The mother of the child testified, but her evidence is not really on point. She was in the bathroom at the material time, was in the bathroom about half a minute. She had left the living room to go to the bathroom and at that time, the defendant was sitting on the couch. She then heard the shouts and swearing from N.H., came out of the bathroom, saw a blood trail leading outside, saw that her daughter was awake and upset.
Constable Justin Harasyn responded to the call and confirmed that the defendant had been beaten but had no direct evidence on point with respect to the issue.
The defence elected to call no evidence.
I am satisfied that, in fact, the only reasonable inference is the inference that N.H. drew from what he observed when he awoke. His daughter reacting, saying, “What are you doing?” and pulling away from the defendant, his arm under the blanket, jerked back quickly when he saw the daughter was awake, and N.H. awaking as well. In my view, this is not just an assumption, this is a reasonable inference drawn from the facts perceived by N.H., and in my view, that evidence is compelling evidence that in fact this child was touched and her sexual integrity interfered with by the defendant.

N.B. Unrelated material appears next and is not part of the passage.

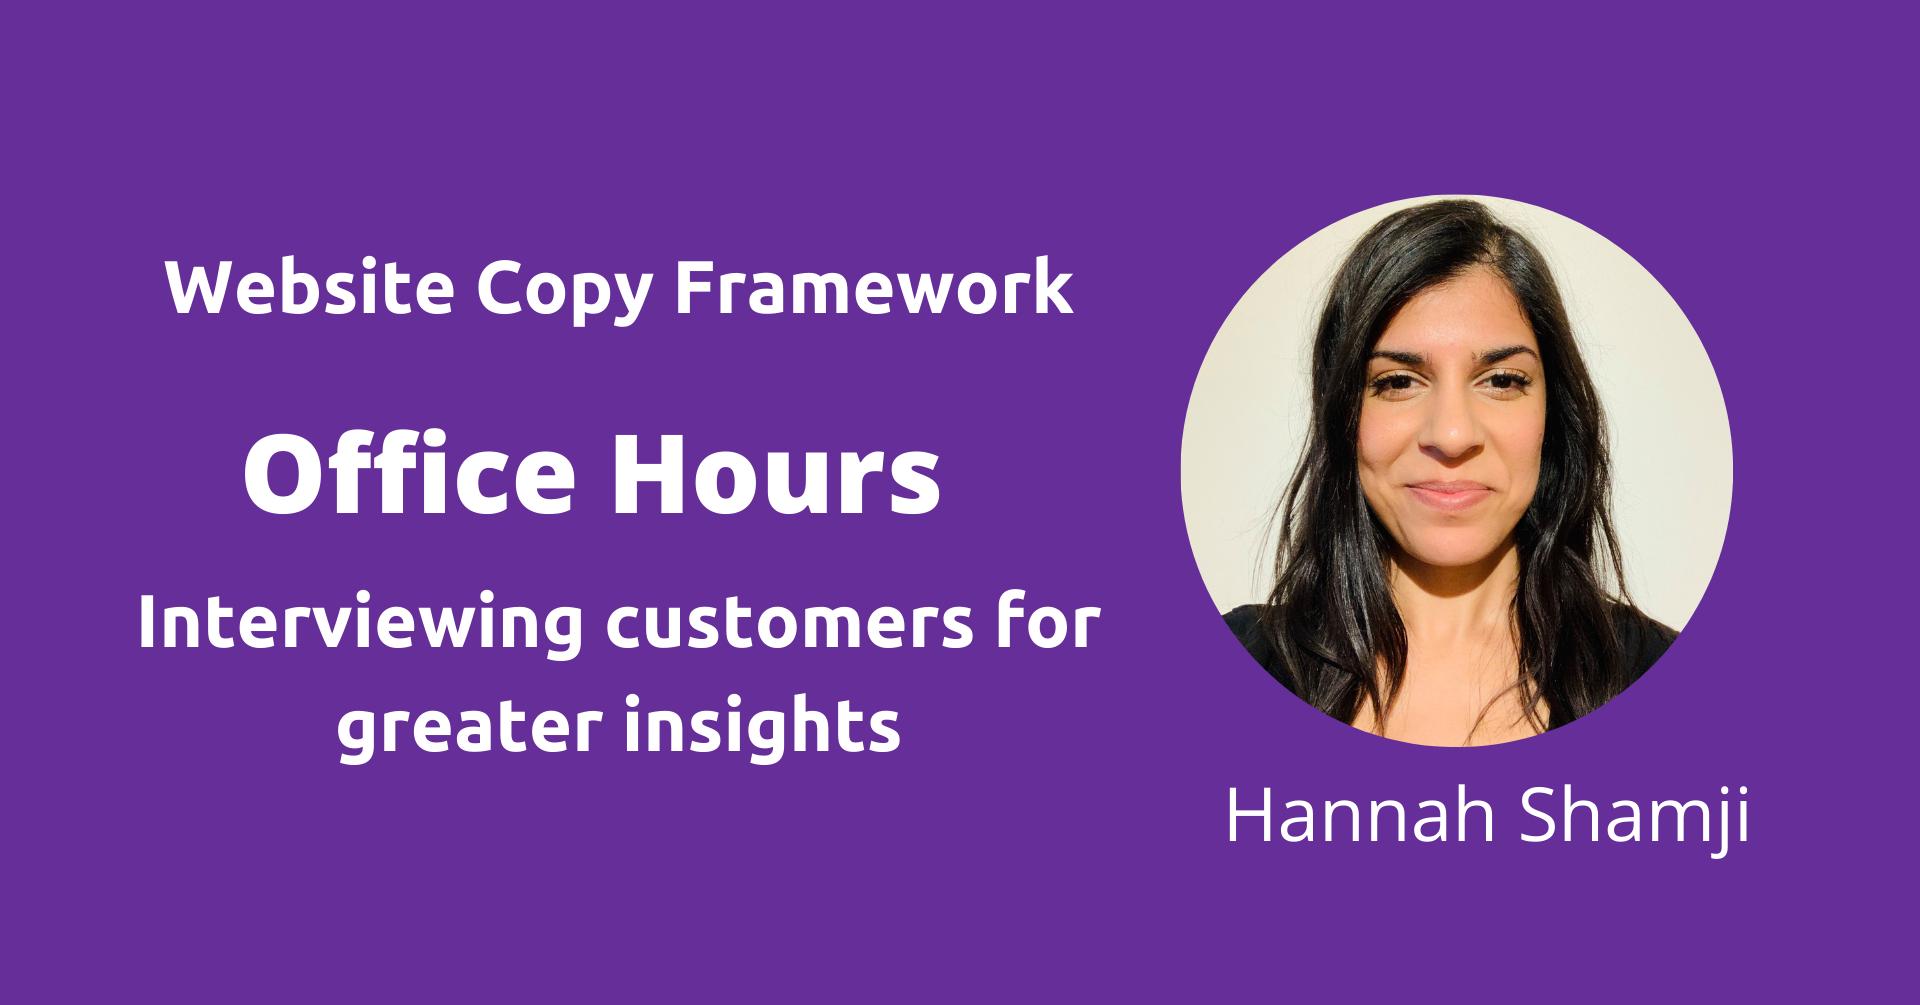 Office Hours with Hannah Shamji

So in the circumstances, I am satisfied beyond a reasonable doubt on the uncontradicted evidence of N.H. that the Crown’s case has been proved.
Discussion
[20] The elements of the offence of sexual assault are set out in section 265 of the Criminal Code: intentional touching that is sexual in nature to which the complainant did not consent and to which the accused knew that the complainant did not consent.
[21] Is there evidence that proves, beyond a reasonable doubt, the elements of the offence, such that the accused’s guilt was the only reasonable conclusion arising from the totality of the evidence? Since there was no direct evidence of intentional touching for a sexual purpose, the trial judge must be satisfied that an inference arises from the evidence that proves the offence beyond a reasonable doubt and that there was no other reasonable conclusion arising from that inference.
[22] Is such an inference available? In my view, it is not.
[23] The evidence suggests that the appellant, in an intoxicated state, went into a darkened bedroom. There is no evidence that he knew that the little girl was asleep in that room. The little girl was sleeping between her father and brother, making an opportunity for sexual assault without detection difficult.
[24] It is just as reasonable to conclude that the appellant was looking for a place to sleep. What is missing is any evidence that the appellant intentionally touched the little girl for a sexual purpose. At its highest, the appellant groped under the blanket. In doing so, it is a reasonable inference that he touched her and startled her awake. Was the touching intentional such that a conviction for common assault would follow? The evidence is ambiguous in this regard and does not rise to the standard of proof beyond a reasonable doubt. As well, in my view, the evidence does not support a conclusion that the touching was intentionally sexual or that the child’s sexual integrity was compromised.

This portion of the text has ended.